Лето в горах - Полетаев Самуил Ефимович - Страница 4
- Предыдущая
- 4/34
- Следующая
«Спи, сыночек, спи, дорогой!»
Ночью Чингиз долго не мог заснуть от тоски и одиночества. Спрятав голову под тяжелое одеяло, он тихонечко скулил, вспоминая свою мать — толстую, добрую, ласковую Солтобу. Он плакал, думая о том, что она в больнице и он больше никогда, никогда не увидит ее. Сердце беспомощно сжималось, когда он вспоминал, как мать сидела с ним на кухне и, вдруг побелев, сползла со стула на пол и долго лежала там, пока он, сотрясаясь от душивших его слез, не сбегал за соседями.
Потом мать пришла в себя, ее перенесли на кровать, и она смотрела на него странными, неподвижными глазами, пытаясь что-то сказать, но, кроме «бу-бу-бу», ничего нельзя было разобрать.
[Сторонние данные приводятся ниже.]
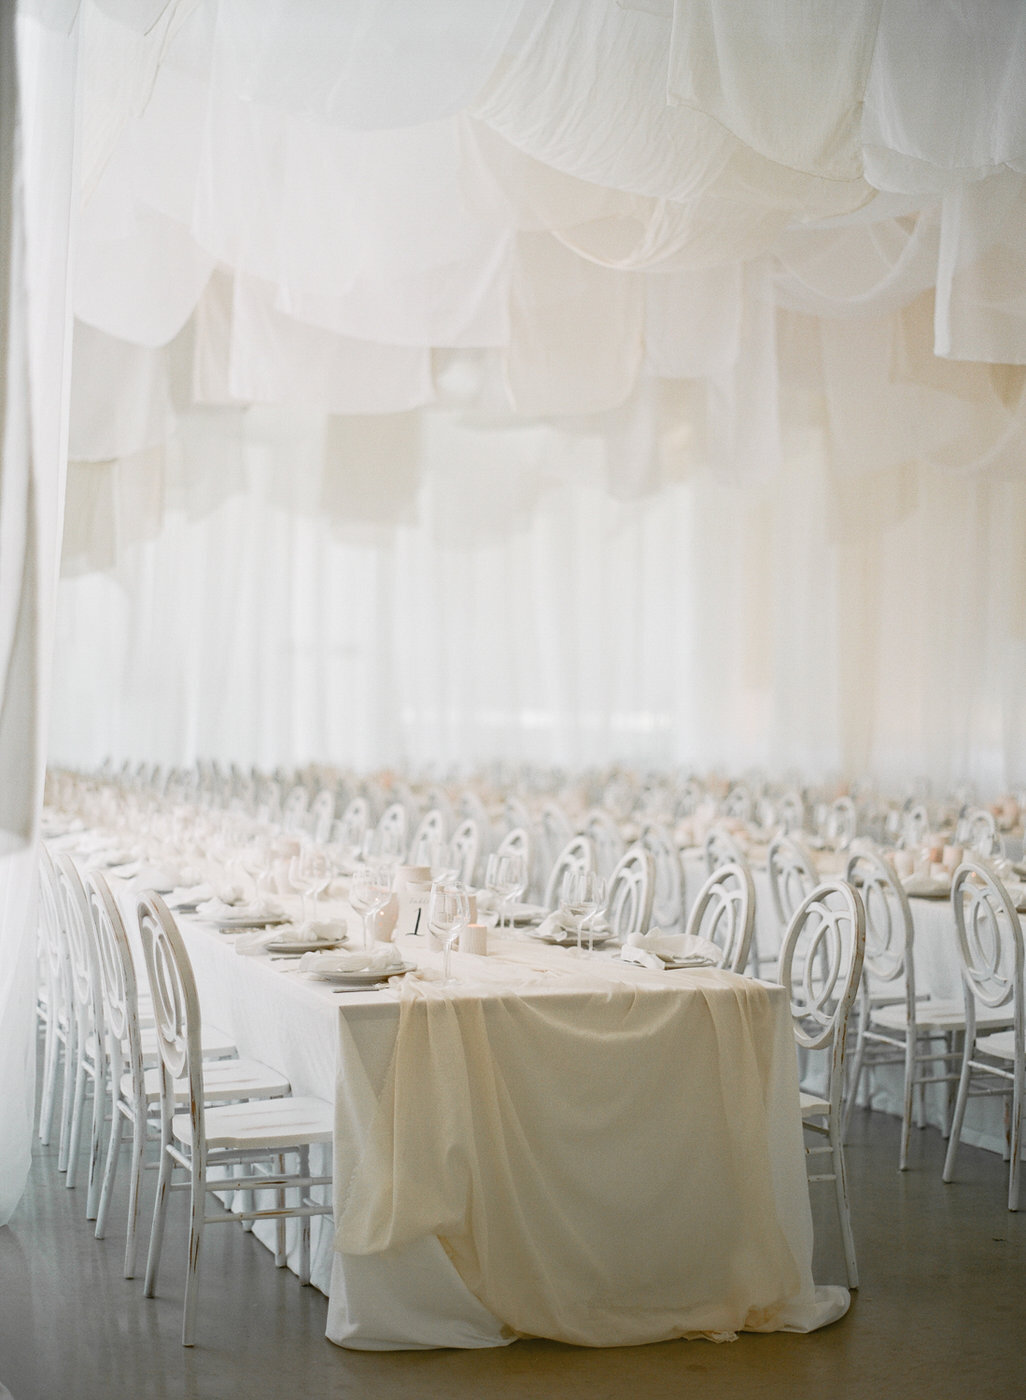 Wedding styling tip: draw the attention upward with drapery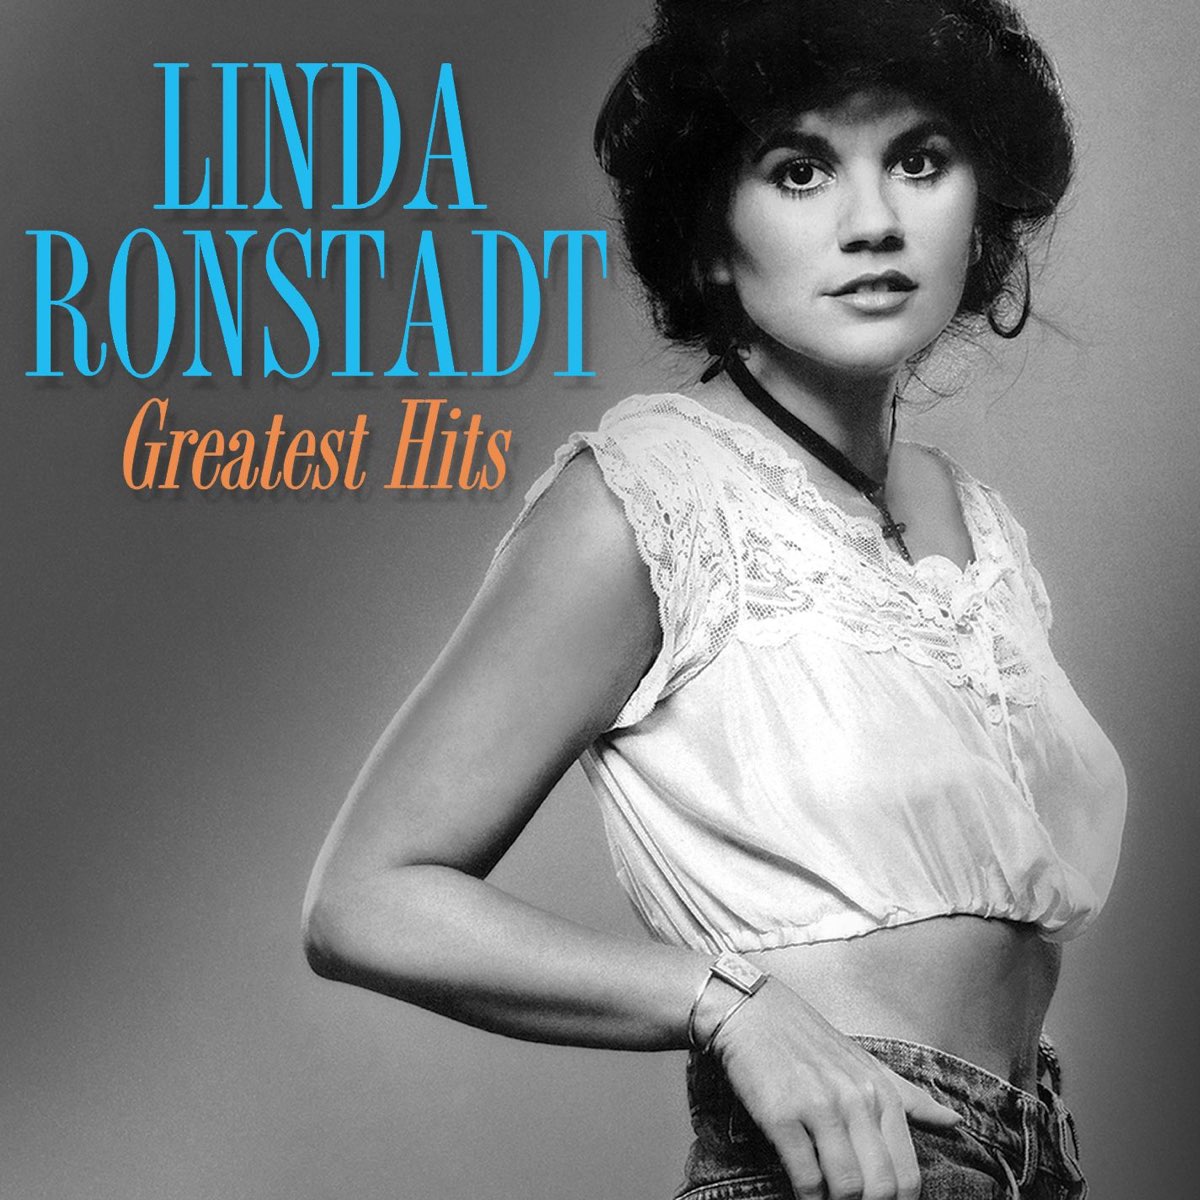 ‎Greatest Hits (Remastered) by Linda Ronstadt on Apple Music

С машиной «скорой помощи» приехал отец. Высокий, полный, неторопливый, он один был спокоен среди набившихся в квартиру людей. Он сидел возле матери, гладил ее руку. Она же, немая, с бурым лицом, раздувшимся и отяжелевшим, страдальчески смотрела на него. Потом ее унесли на носилках во двор и увезли в больницу.
И остались они с отцом одни. В обеденный перерыв Чингиз заходил в институт, где работал отец, вместе шли в ресторан и ели там все, что хотели: остро наперченный суп, чебуреки… Отец брал себе бутылку пива, а ему фруктовой воды. Они сидели и ели не торопясь и почти ни о чем не говорили, потому что оба думали об одном и том же — с Солтобу.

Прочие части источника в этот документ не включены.